John Furrier56
Q2: What is the difference between "scale out" and clustering? Any examples would be great
Chris Harney
Clustering adds fault tolerance scale out does not necessarily add ft
Chris Dwan
I think that most scale out systems are "clustered" in one sense of the word. The distinction lies in scale out's ability to expand capacity in a balanced way without introducing bottlenecks.
I am John White
cluster = quorum and more active/passive. Scale out provides all nodes to perform a function.
jeff dinisco
clustering often refers to a dual node system, though not always, in a sense, most traditional scale up storage architecture are actually 2 clustered controllers
Patrick Rogers
Clustering is way to achieve scale-out.
John Furrier
begs the question "how do clusters scale out" :-)
Andrew Miller
historically clustering was about resiliency and removing single points of failure. Let's go back to Novell Cluster Services for instance. Scale-out is focused at very different thigns.
Jeff Hughes
clustering usually means tightly coupled. all the resources are pooled together. scale-out many times just means dividing up the work
Chris Dwan
@csharney Clustering doesn't necessarily add fault tolerance. It's a big place.
Chris Harney
Clustering may not add performance or capacity
Andrew Miller
some companies have sought to merge those though - aka NetApp with scaling out dual controller clusters for their Data Fabric. I'd argue that's not scale-out per se.
I am John White
I don't view clustering as a way to increase horsepower just resiliency. Scale out is all about adding linear available resources.
jeff dinisco
@johna_white true that clusters require quorum, but most scale out systems do as well
Chris Dwan
It seems like some of us are using the word "clustering" to mean "High Availability Pairs." That's pretty old school, isn't it?
Jeff Hughes
@johna_white definitely agree. clustering helps survive, not increase capacity
Kenneth Hui @rubrikInc HQ
Clustering is a tech that can potentially be used for scaling out but it depends on the architecture. For example a master/slave architecture cannot scale out in the same way as a shared-nothing architecture.
I am John White
@dinisco sure, a new age quorum typically exists across all nodes now... not just one place.
Andrew Miller
Clustering focus = keep my services online.
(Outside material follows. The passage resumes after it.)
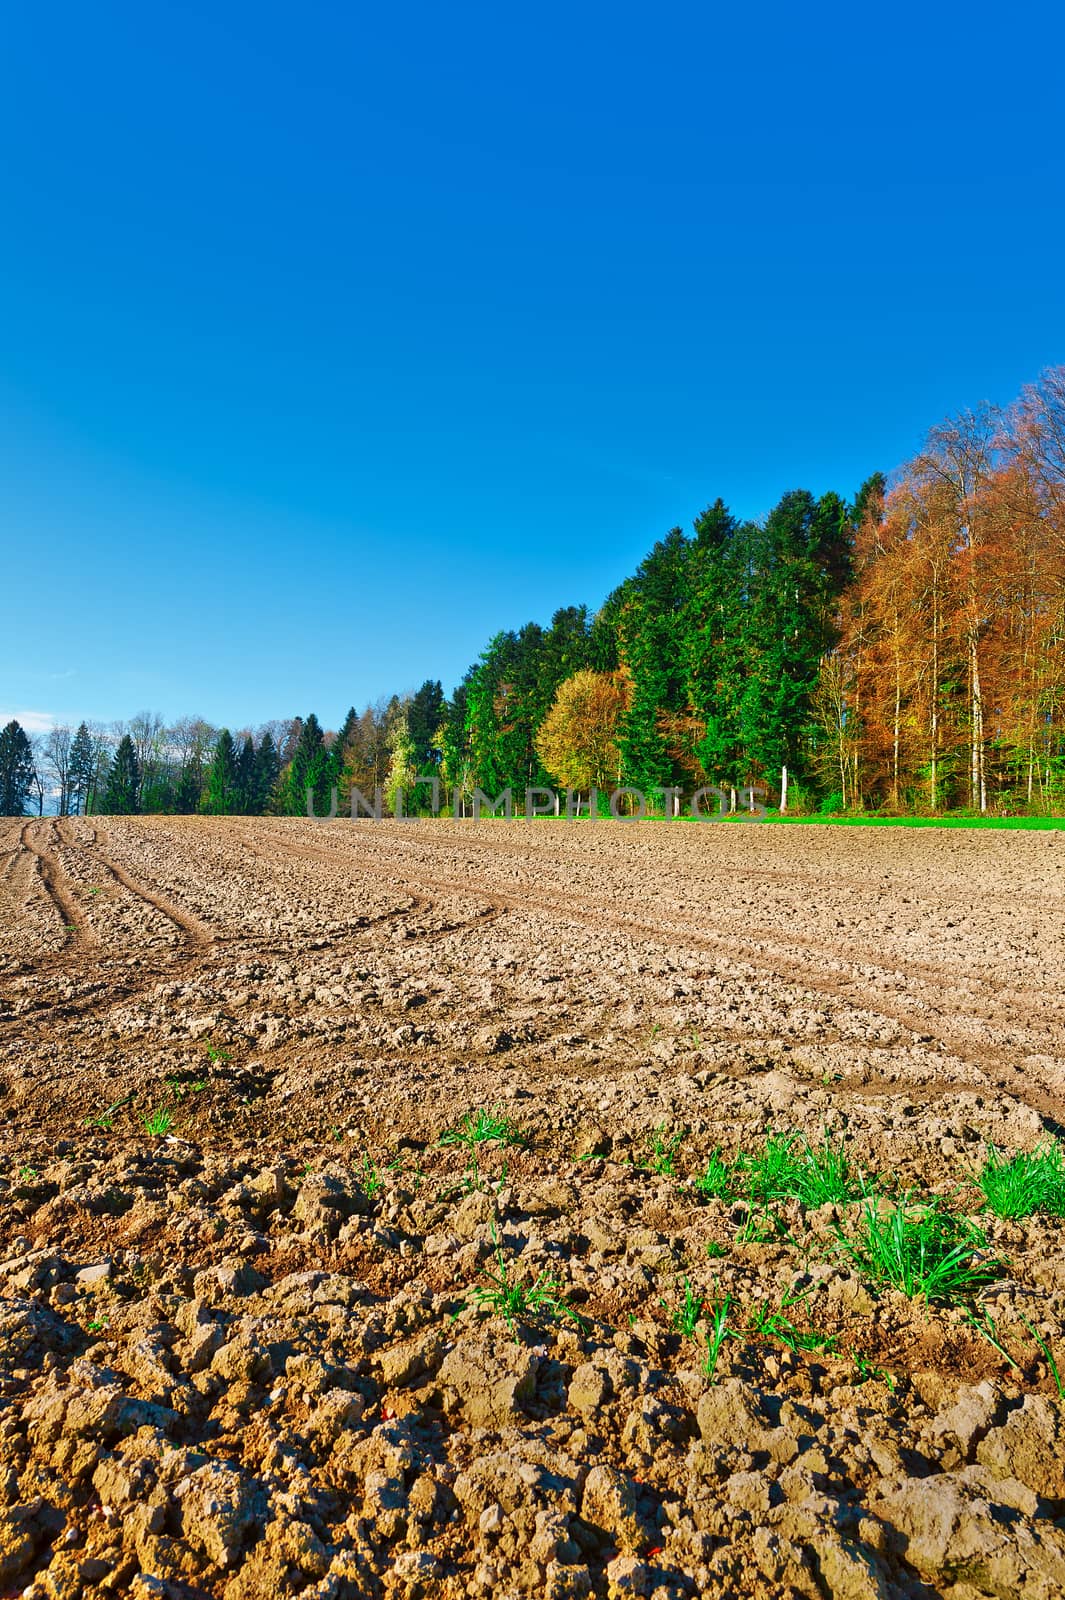 Plowed Fields Framed by Forest in Switzerland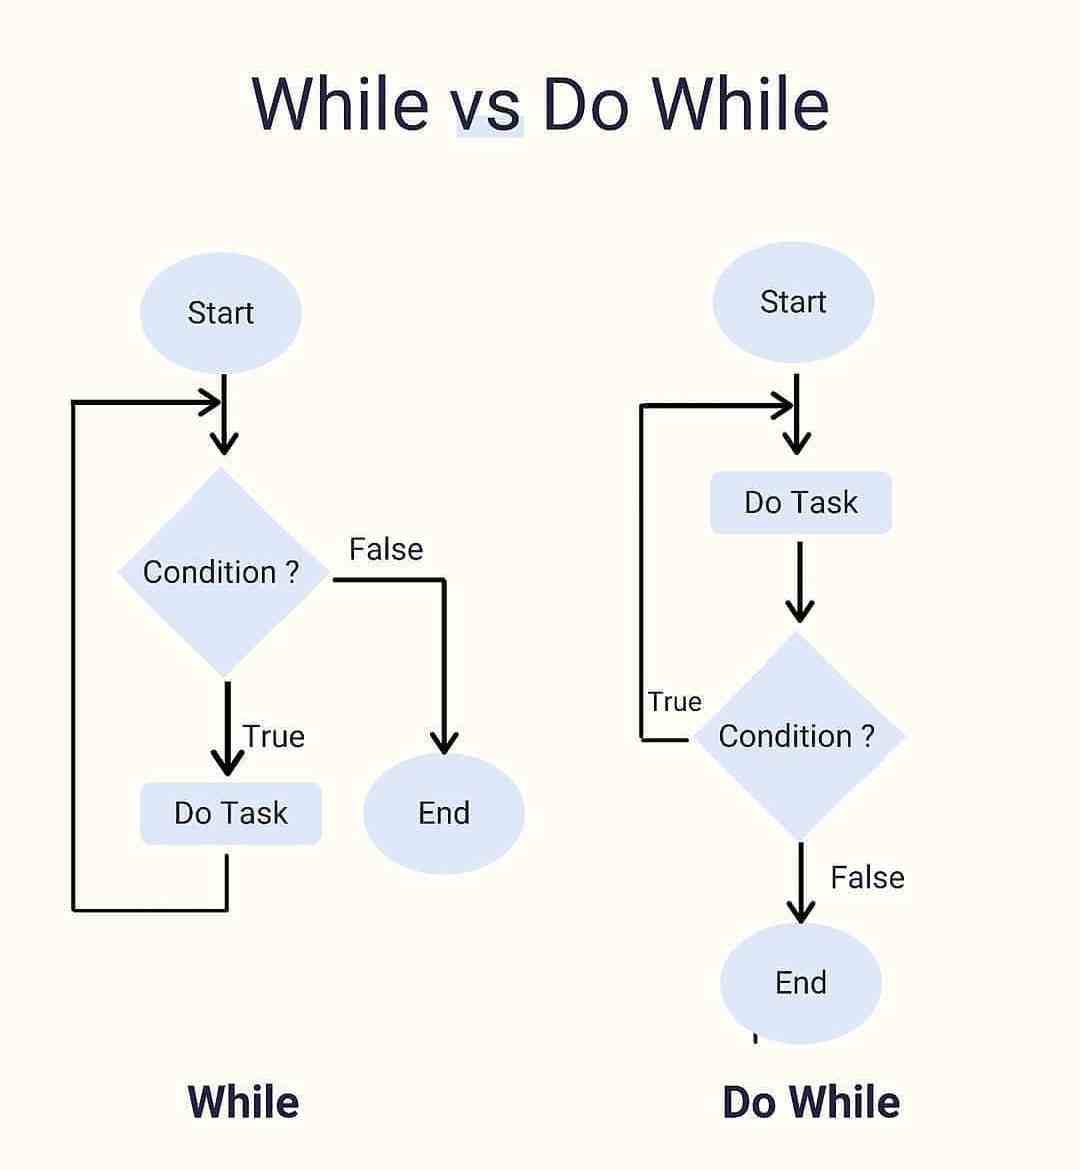 While vs Do While

Scale-out = grow forever.
Stephen Pao
Often, clustering can be used for scale-out, but also clustering might restrict scale-out to achieve redundancy. So, the terms are somewhat orthogonal.
Dave Vellante
@fdmts I think of a cluster as a logical collection of resources performing the same task...versus a set of discreet resources allocated to different things
Andrew Miller
@fdmts I'll agree that's how I think of it. In some cases cluster capabilities could be a subset of scale-out capabilities.
John Furrier
Didn't Isilon invent "scale out" ? :-)
I am John White
pretty sure that was Al Gore
Dave Vellante
remember the vax cluster in the early 80's...that's old school
Chris Dwan
Yup. And they spent a decade explaining what the hell it meant too.
Andrew Miller
I know I always said scale-out to describe Isilon when at an EMC partner. People seemed to get it and loved the theory.
Patrick Rogers
One example is Oracle RAC. High-availability without much scale.
John Furrier
@dvellante DecNet was a great net protocol stack killed SNA but then TCP took over #OpenWins
Patrick Rogers
Isilon scales but also hits the wall at 144 nodes, so not limitless.
John Furrier
@dvellante VMS (DEC's) OS is what microsoft copied with Windows NT (WNT) one letter after VMS
Christian Smith
Spinnaker :-)
Chris Dwan
@andriven Something about terms like Kleenex and Post-it.
Andrew Miller
@dinisco Good distinction - in scale-out often all resources can be used and during failure scenarios the total resources available diminishes rather than inherent performance decrease.